Jigsaw developers in responding to these results explained, “identity terms for more frequently targeted groups (e.g., words like black, muslim, feminist, woman, gay etc) often have higher scores because comments about those groups are over-represented in abusive and toxic comments” ⁵⁶. This means that the data Jigsaw used to train their machine learning models have the same problem and the names of targeted groups appear far more often in abusive comments in the dataset they compiled. As the training data used to train their machine learning models contain these comments, the machine learning models adopt these biases in the “underlying distributions, picking up negative connotations as they go. When there’s insufficient diversity in the data, the models can over-generalize and make these kinds of errors” ⁵⁶. They further explained,

After the initial launch of Perspective API in 2017, users discovered a positive correlation between identity terms containing information on race or sexual orientation and toxicity score. For example, the phrase “I am a gay Black woman” received a high toxicity score. In this case, the identity terms are not being used pejoratively, so this example was classified incorrectly. ⁵⁴

And further that,

The source of the error was the training data itself — the training set did not contain sufficient examples of nontoxic comments containing identity terms for the model to learn that the terms themselves were neutral. This was because the vast majority of usage of these words in online forums is toxic — the model was truly reflecting the state of the world. But the context of that usage matters ⁵⁴.

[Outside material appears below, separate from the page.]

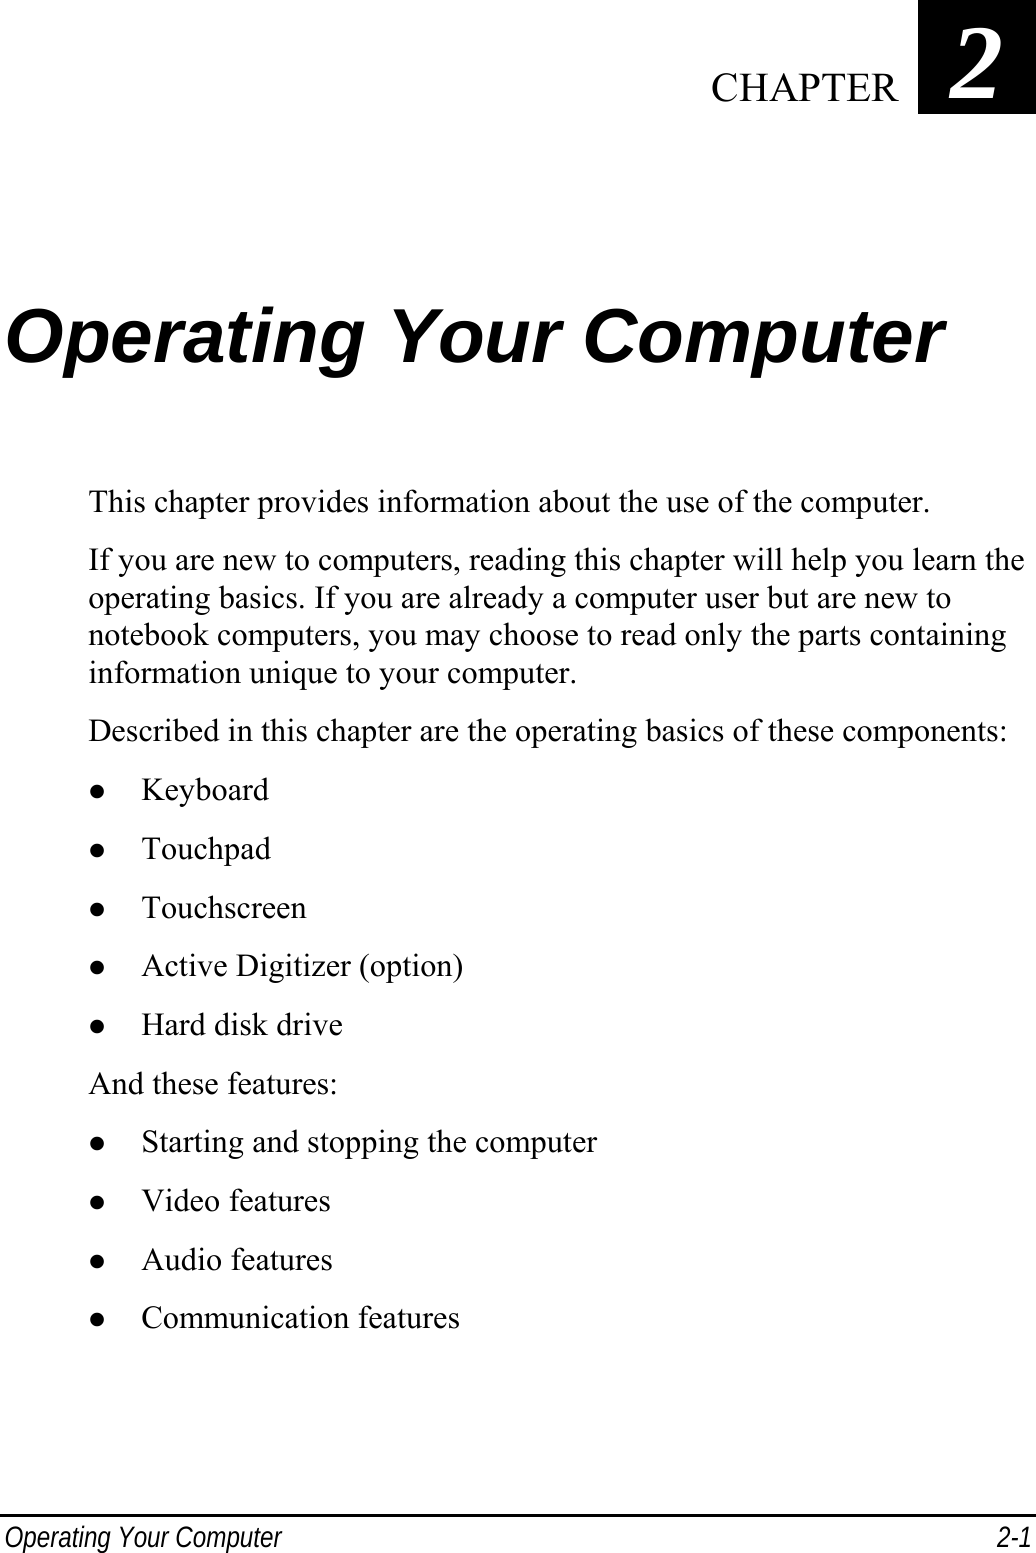  Operating Your Computer  2-1 Chapter   2 Operating Your Computer This chapter provides information about the use of the computer. If you are new to computers, reading this chapter will help you learn the operating basics. If you are already a computer user but are new to notebook computers, you may choose to read only the parts containing information unique to your computer. Described in this chapter are the operating basics of these components: z Keyboard z Touchpad z Touchscreen z Active Digitizer (option) z Hard disk drive And these features: z Starting and stopping the computer z Video features z Audio features z Communication features  CHAPTER

As a result of these criticisms, Jigsaw has created a debiased ConversationAI model which attempts to mitigate some of these problems. So toxicity is reweighted to take account of identity characteristics in calculating the toxicity value. In essence it is the original and the debiased model that the TTMC software is comparing and which enables the slightly different toxicity classifications to be compared and visualised for exploration. But again, this is not made clear in the ConversationAI models descriptions, and clearly there is a very different notion of toxicity being produced in each of the models.⁵⁷

Jigsaw explains that “research suggested that toxicity is an easy concept for annotators to understand” and therefore “it was easier for more people to agree on what constituted toxic speech — comments likely to make someone leave a conversation — than it was for people to agree on other terms to describe problematic comments” ⁵⁴. Jigsaw reference a study conducted in December 2018 by the Anti-Defamation League which they claim shows that marginalized groups experienced the most toxicity online, however the report does not use the term toxicity, preferring to use the terms hate or harassment (see ⁵⁸). The notion of toxicity which appears to be a quasi-scientific metric for analysis through the machine learning models increasingly begins to look less stable as a descriptor. Toxicity, as Jigsaw themselves acknowledge, was a term that was easy for people to understand as “comments likely to make someone leave a conversation.” This enabled easier classification by the human raters, and was, therefore, simpler to use to train the machine learning model or use it beyond limited specific contexts (for example, see ³³).⁵⁹ Along the way, the notion of toxicity develops a much more scientific connotation as it is mediated through the black-boxes of ConversationAI and Perspective.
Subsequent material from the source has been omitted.